►
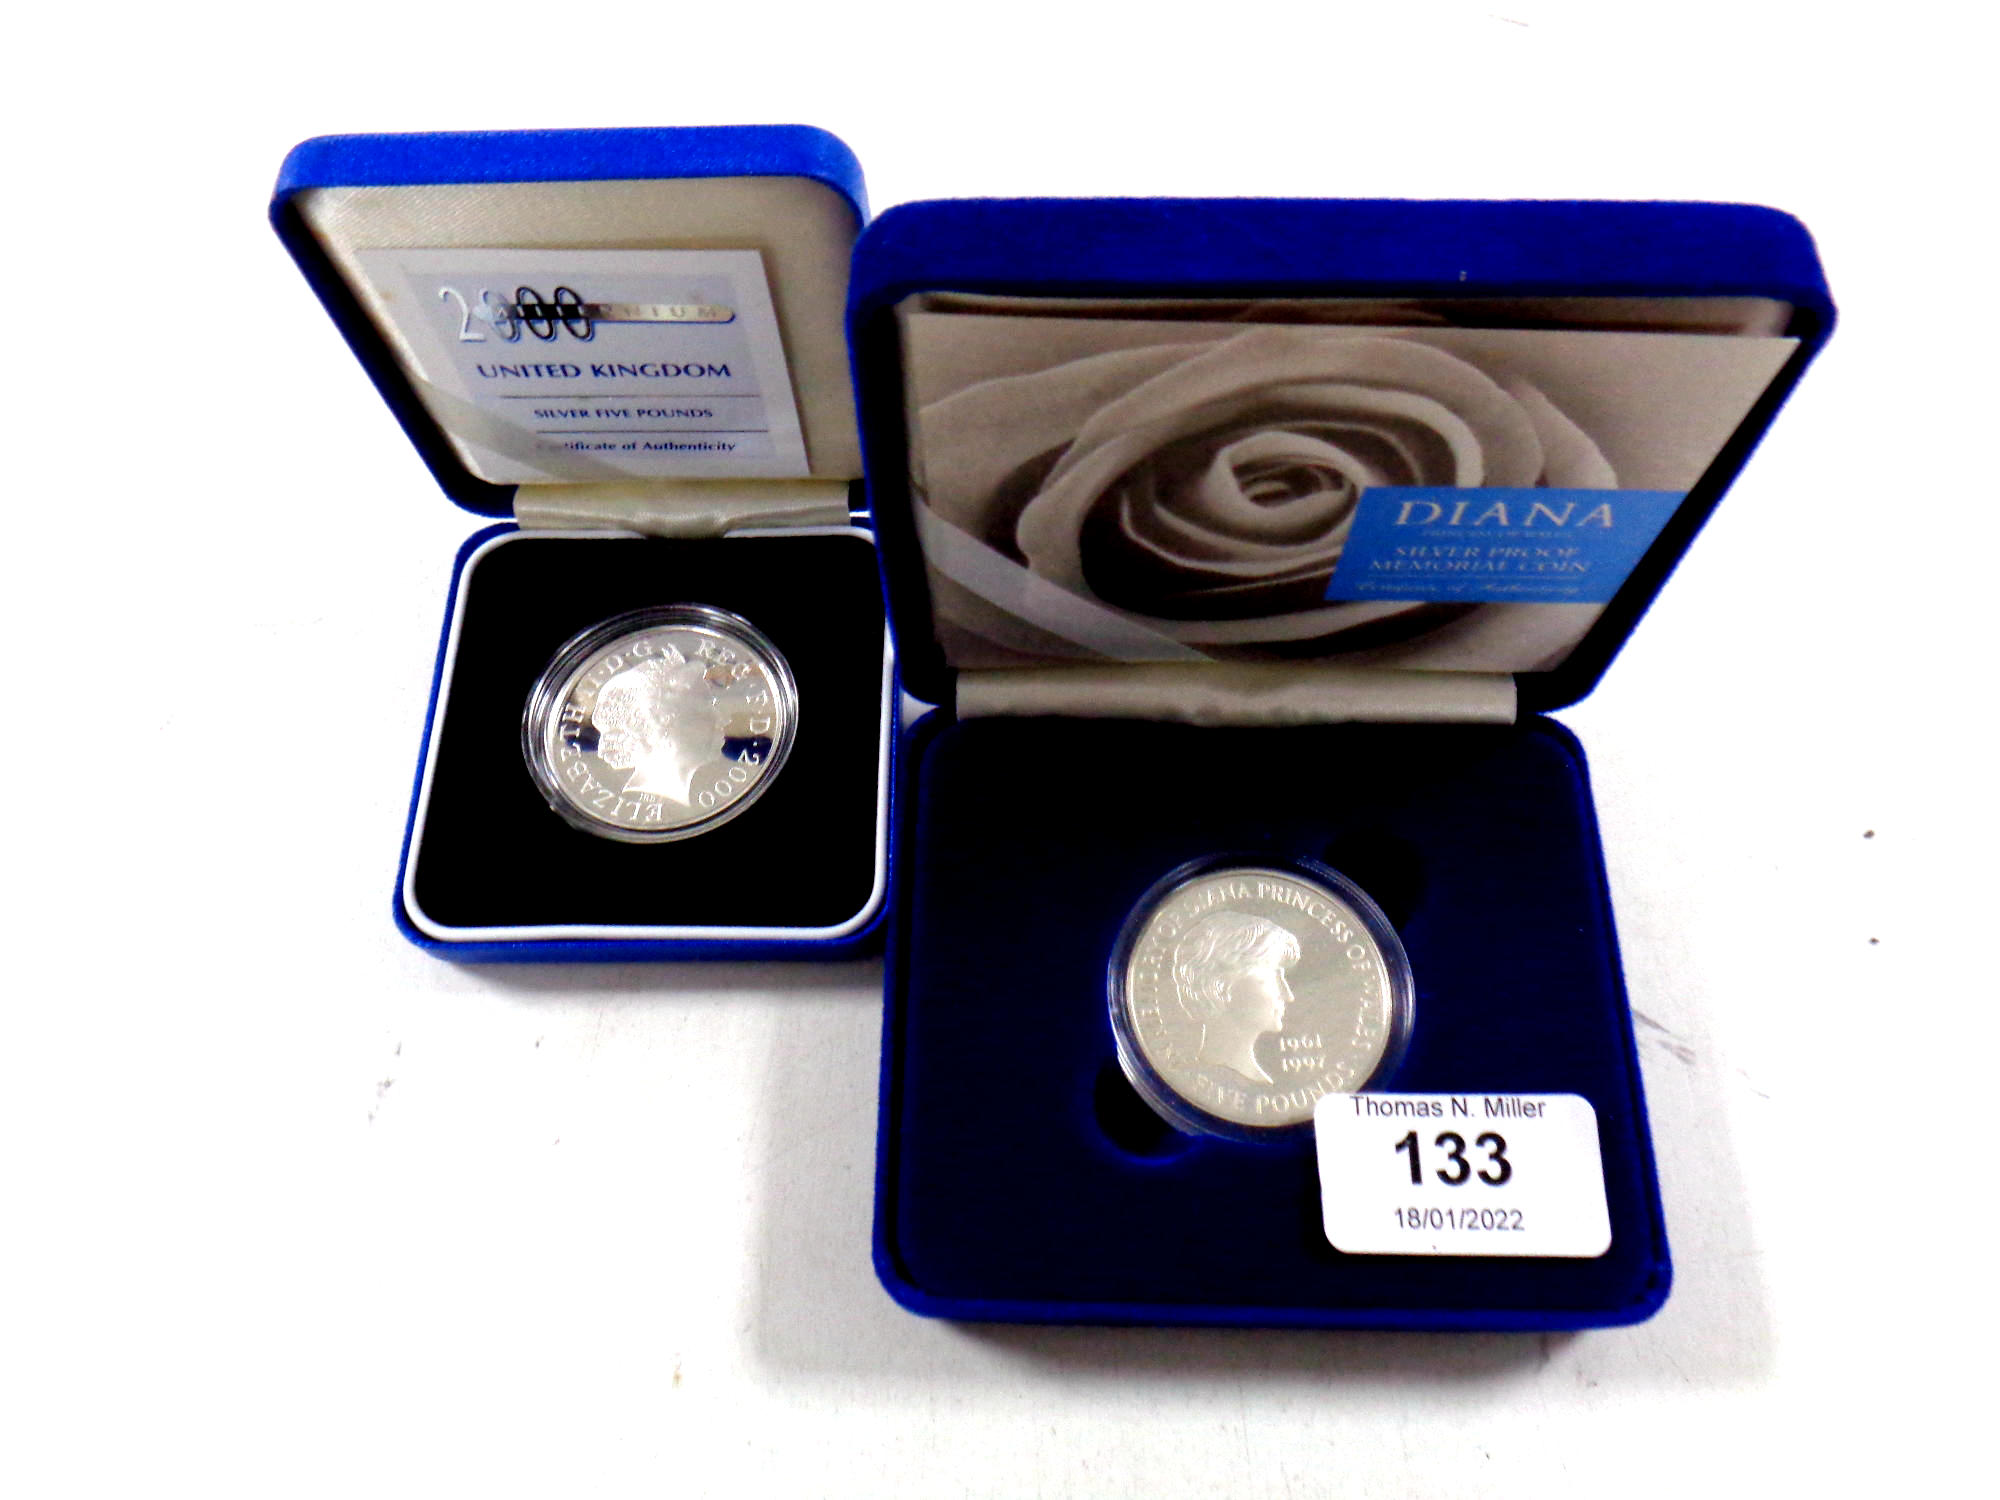 Two Royal Mint silver proof five pound coins, 2000 Millennium and Diana Princess of Wales,
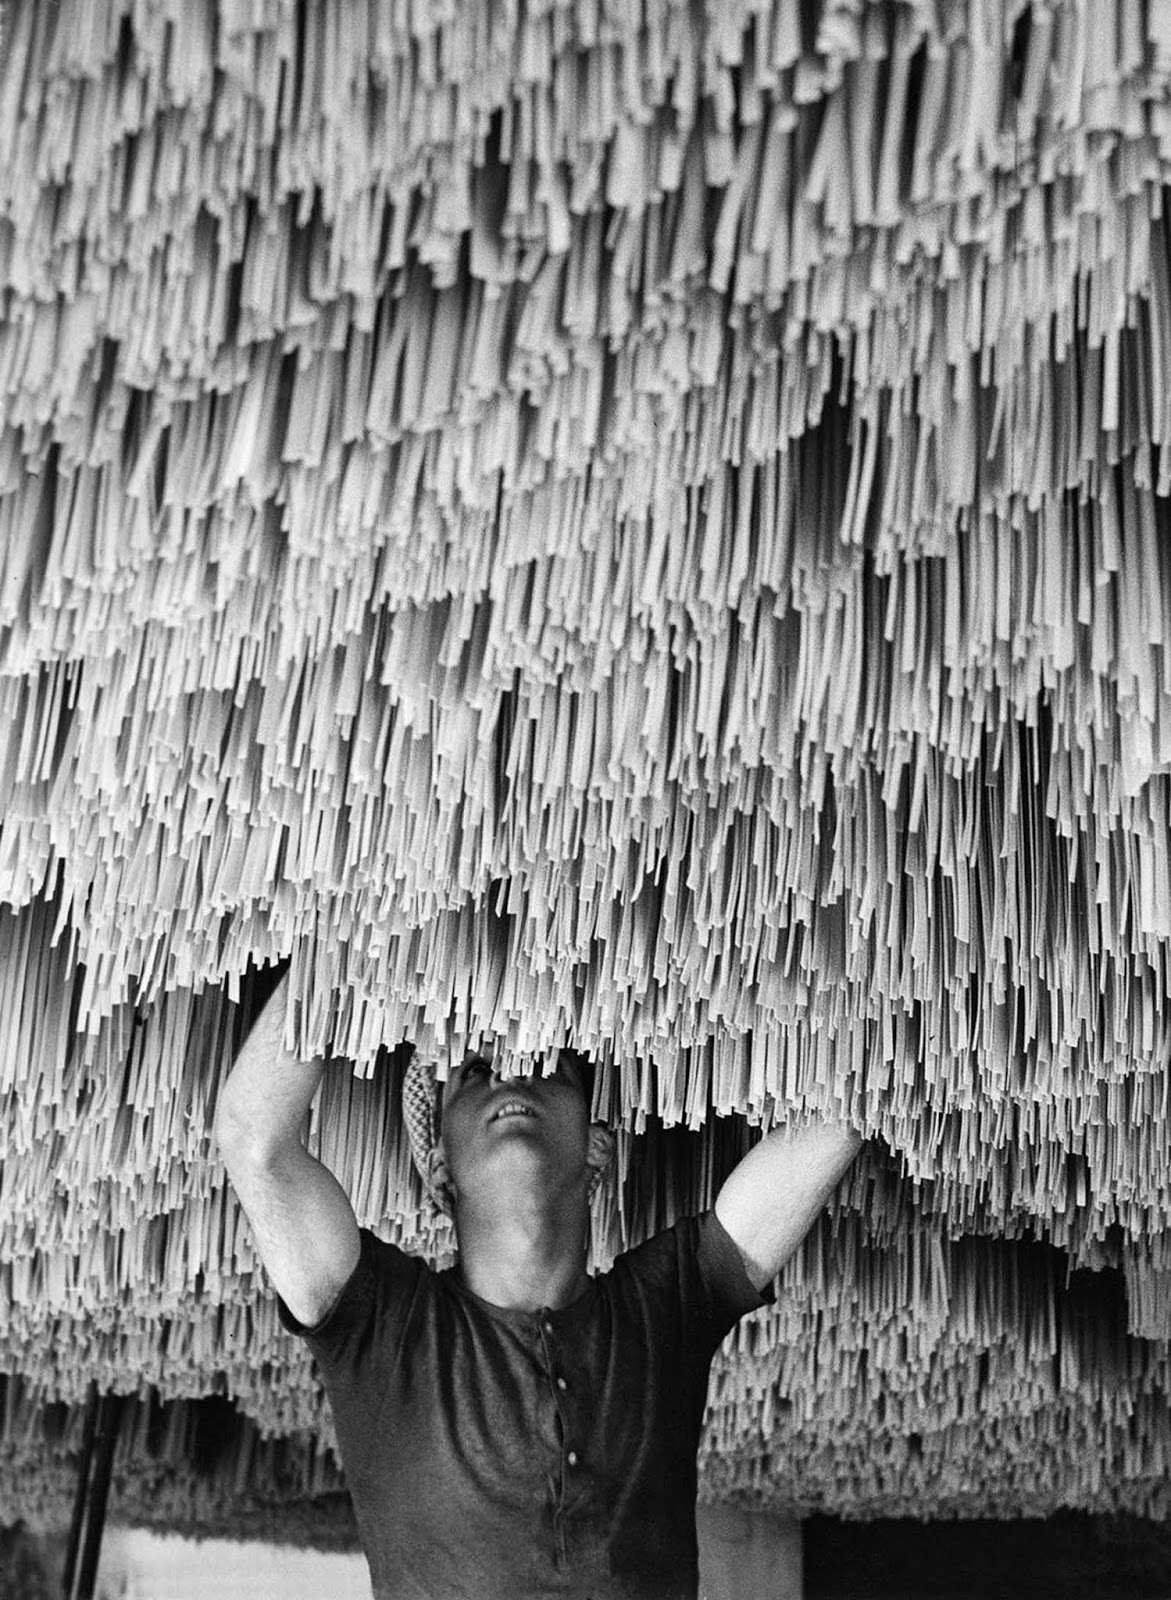 A worker hangs pasta to dry in a factory in Italy. 1932.
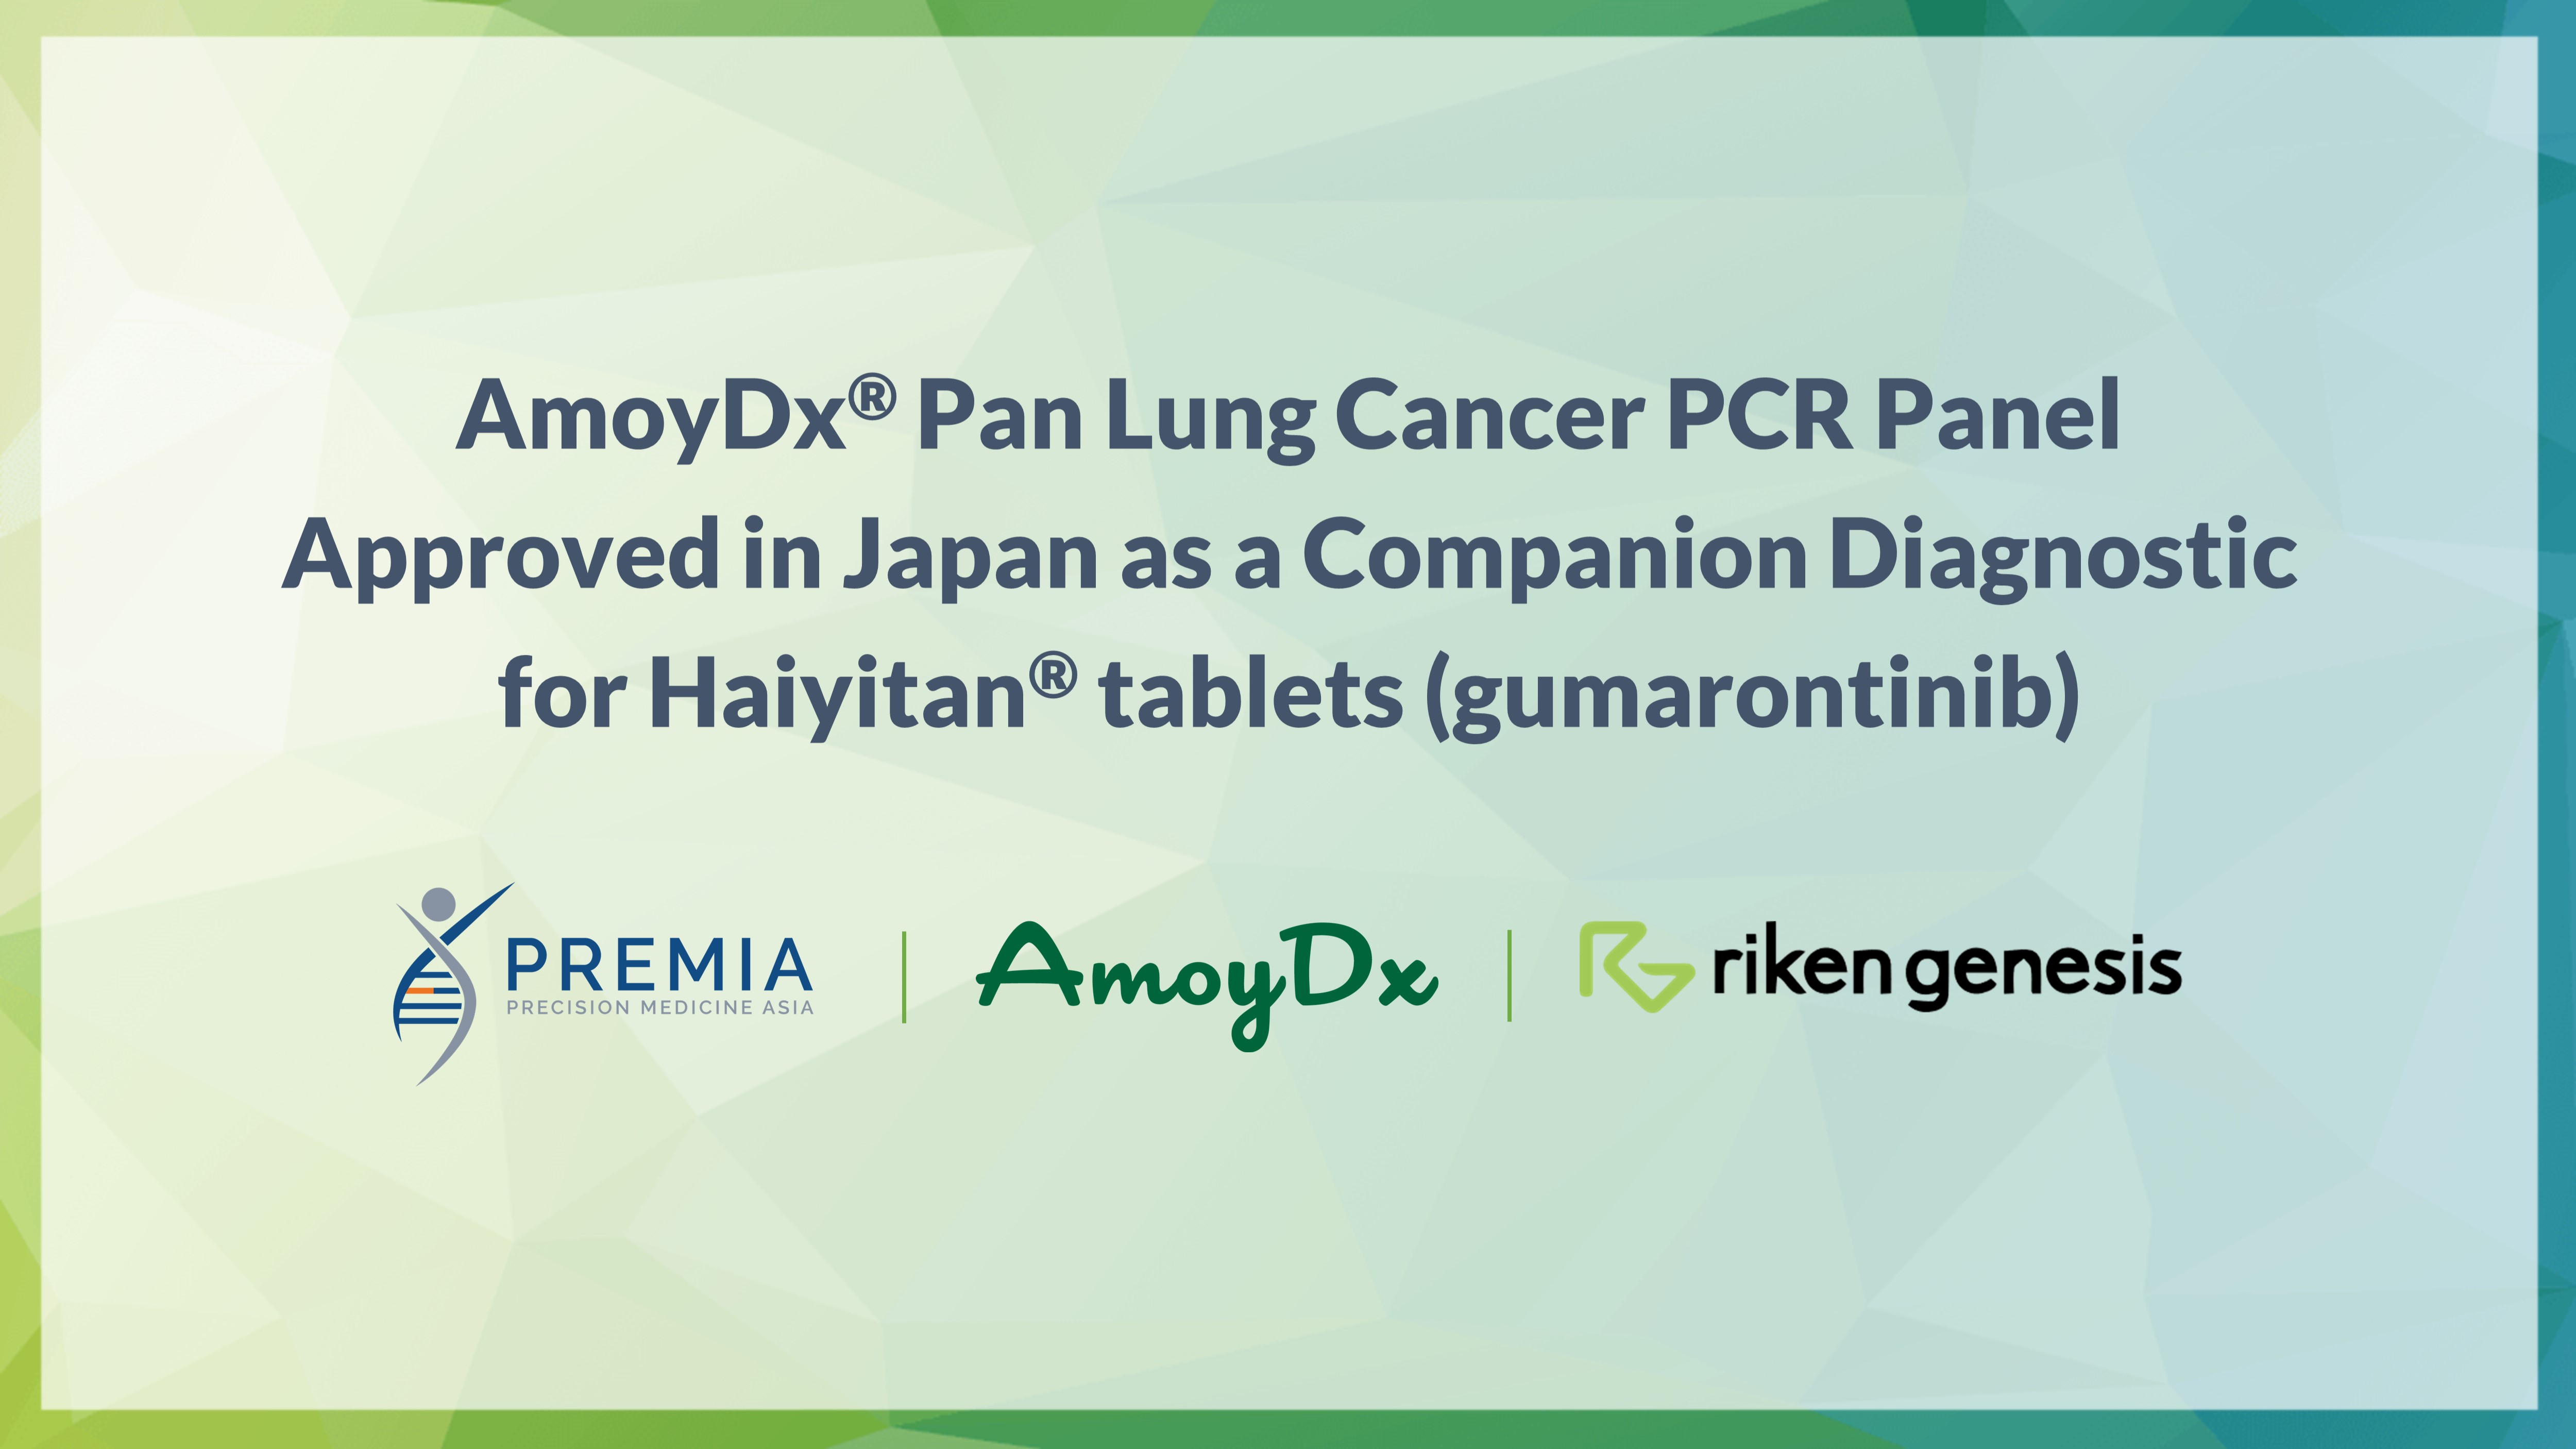 AmoyDx® Pan Lung Cancer PCR Panel Approved in Japan as a Companion Diagnostic for Haiyitan® tablets (gumarontinib)
◄
**EXERCISE**
Would it be possible to reproduce the material word for word, images omitted?

**ANSWER FOR THE TASK**
 Two Royal Mint silver proof five pound coins, 2000 Millennium and Diana Princess of Wales,
 A worker hangs pasta to dry in a factory in Italy. 1932.
 AmoyDx® Pan Lung Cancer PCR Panel Approved in Japan as a Companion Diagnostic for Haiyitan® tablets (gumarontinib)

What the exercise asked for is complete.